Birdman and the Idiot President


Part of the charm of the movie "Birdman" is its suggestion that humans can be magic. You might be arguing with your teenage daughter one minute and flying above Manhattan the next, or levitating or causing cars to explode at the snap of your fingers. Of course the magic is fickle. Birdman had to walk around in his underwear when he couldn't get inside the theatre he inadvertently locked himself out of. Still...
Imagination set him free at his darkest moment.

Daniel Alarcon, in At Night We Walk in Circles, also uses theatre and the magic of transformation onstage and off. His novel follows the actors in The Idiot President, a show that is touring far flung communities in the Andes, who often fall into the roles that were written for the characters they play, the idiot president, his idiot son, and the servant. Patalarga plays the servant and when Diciembre, the theatre company, arrives in his home village his mother asks him, "if you're putting most of the money into this, why are you playing the servant?"

The boss, playwright and idiot president himself, Henry Nunoz, says "The role comes so naturally to him. It would be a shame to use his talents any other way."

Nelson, who plays the idiot son, ends up acting the part of an "actual" old woman's lost son just because she perceives him to be her boy.
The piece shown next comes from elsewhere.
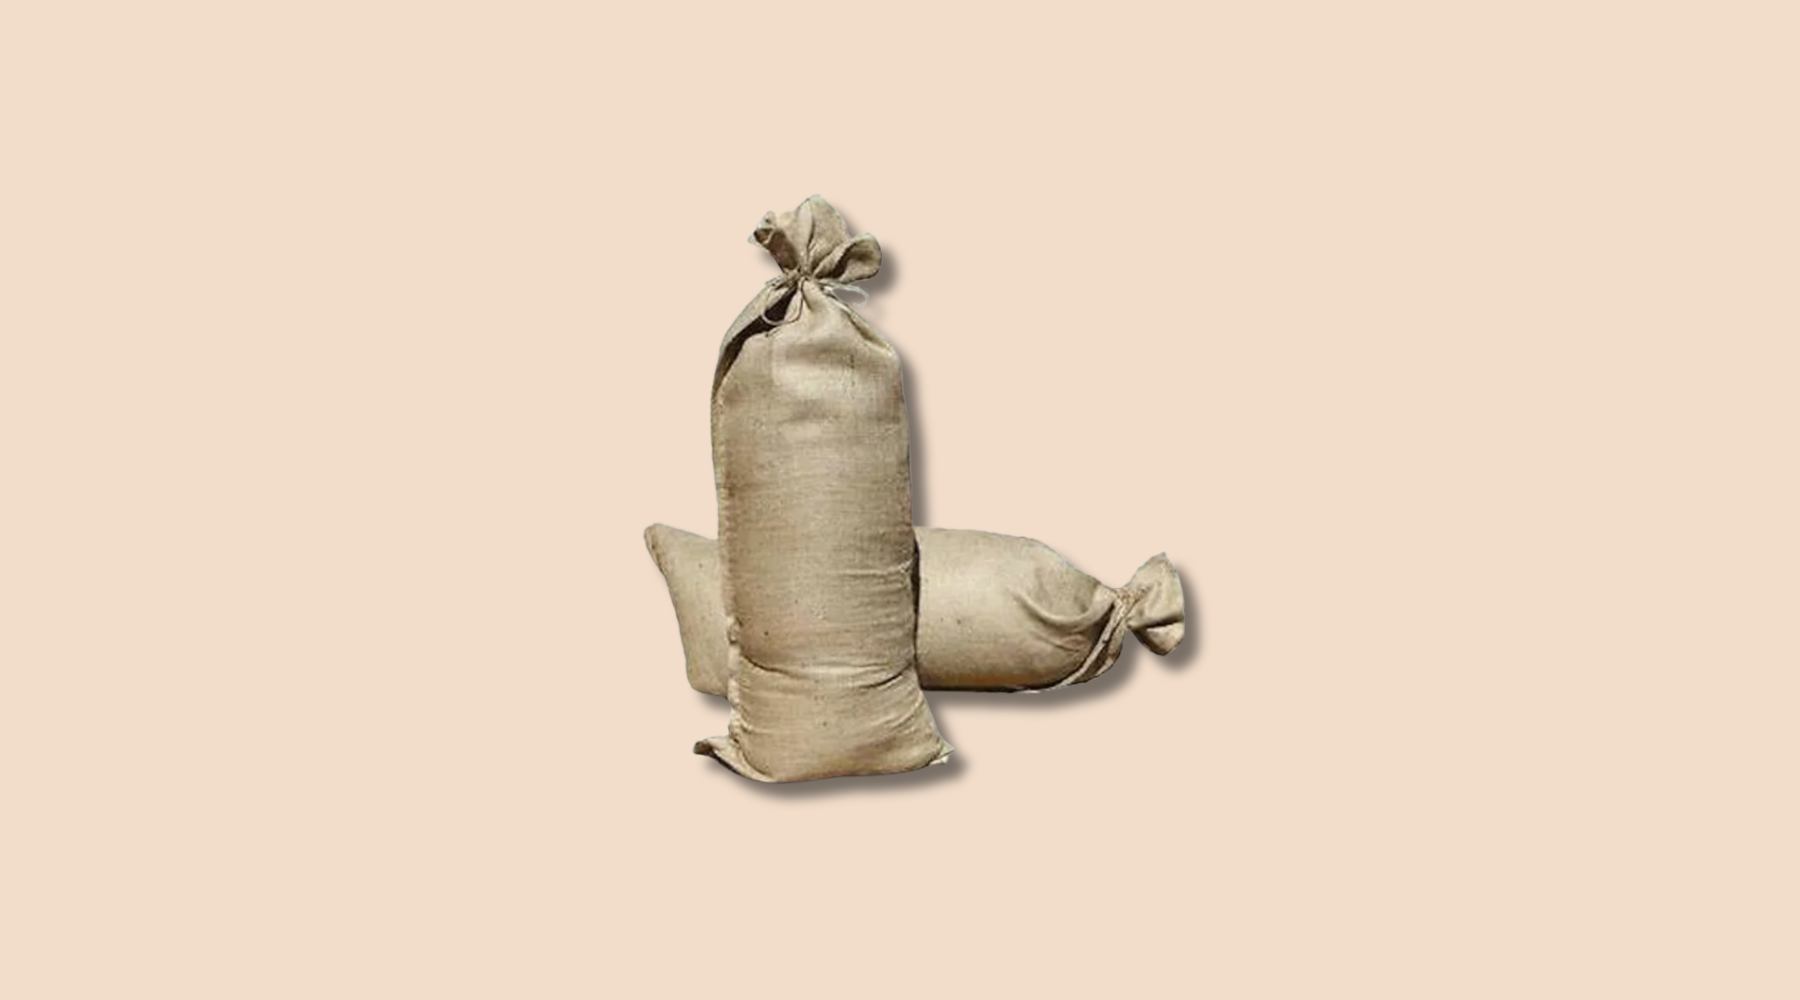 The Versatile Sandbags: 10 Uses for Sandbags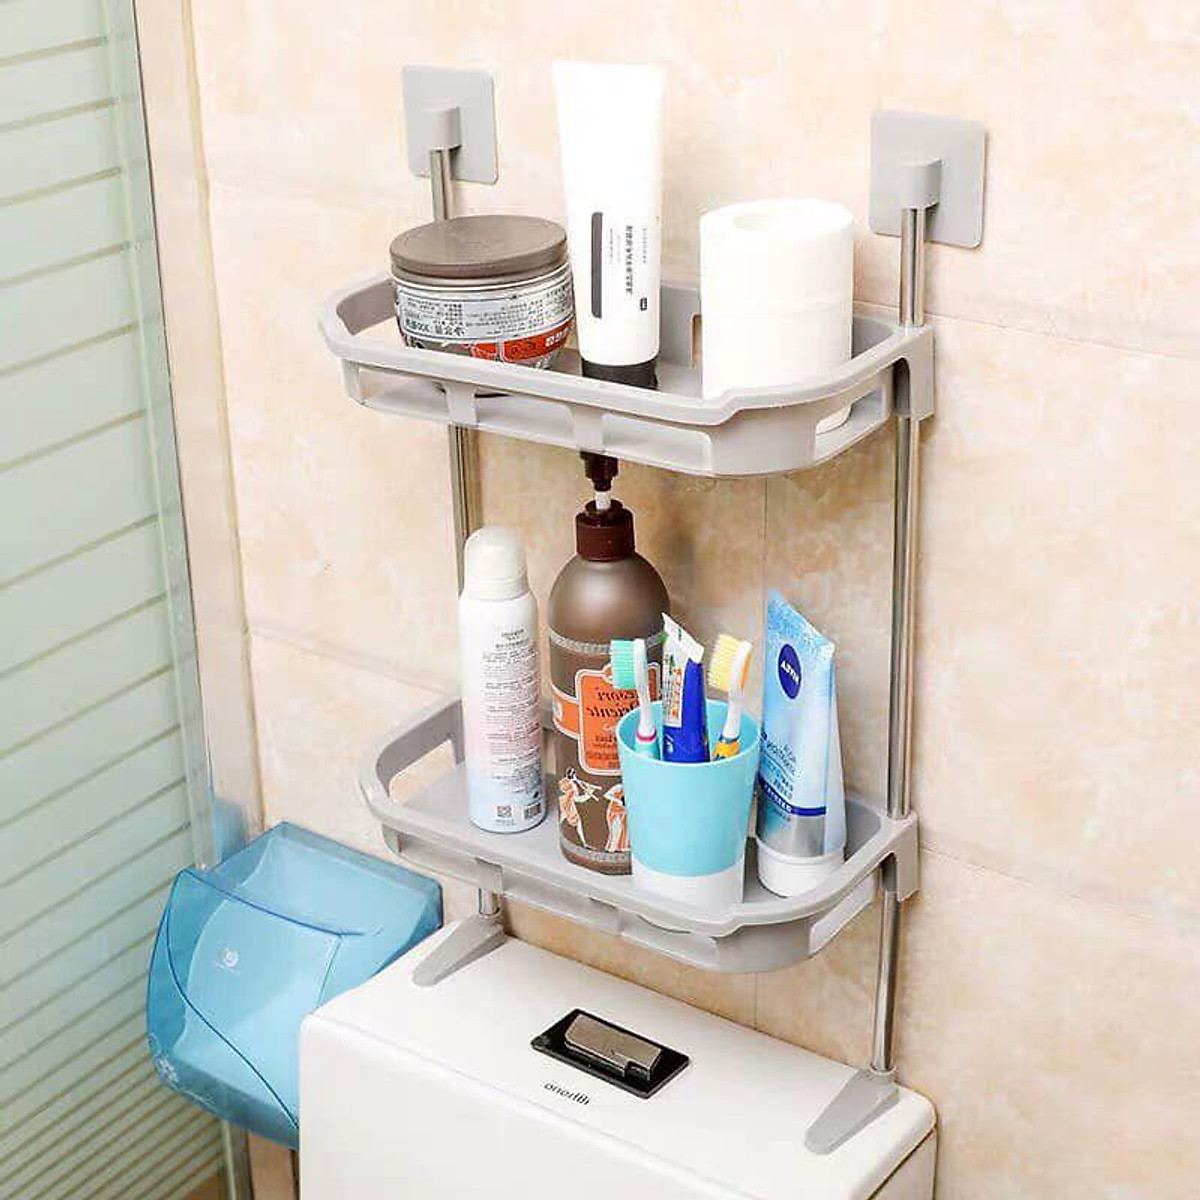 Kệ đựng đồ tắm: Kệ đựng đồ tắm sẽ giúp cho không gian phòng tắm của bạn trông gọn gàng hơn. Với những kiểu dáng đa dạng, sang trọng, các sản phẩm kệ đựng đồ tắm càng làm tăng thêm tính thẩm mỹ cho phòng tắm của bạn. Hãy truy cập để cập nhật và lựa chọn sản phẩm kệ đựng đồ tắm đẹp mắt, chất lượng tốt nhất cho không gian phòng tắm của bạn!

The mother's other son pays Nelson to do it to keep her happy in her final days.

Magic realism plays with possibility. If you're playing Birdman, can't you be Birdman? If a woman happens to think you're her son, isn't it possible to become her son? Magic is the power of the imagination. People turn to magic when they are most desperate, about to jump off a building in Birdman's case, and trying to avoid the knowledge that her youngest son is dead in the other.

In another novel, Joy of Man's Desiring a character called Bobi wanders into a silent valley where the residents are afflicted with the leprous malaise experienced by wintry souls in a wintry land. Bobi asks a farmer about his grain. Winter is nearly over and the farmer still has a third of his crop. He has used a third to feed his family, saved a third to sow for the next year. He is thinking of selling the rest. The Ouvèze Valley has been still, no birds at all until Bobi convinces the farmer to spread his remaining grain on the threshing floor. Then, do they ever come! The way Jean Giono describes the various species and their hues and the movement of their wings it's as if someone has scattered a basket of multicoloured sequins on the bleached grain. Such beauty and the awe it inspires in people who thought they would never feel such awe again is a sort of magic realism in itself. Imagine.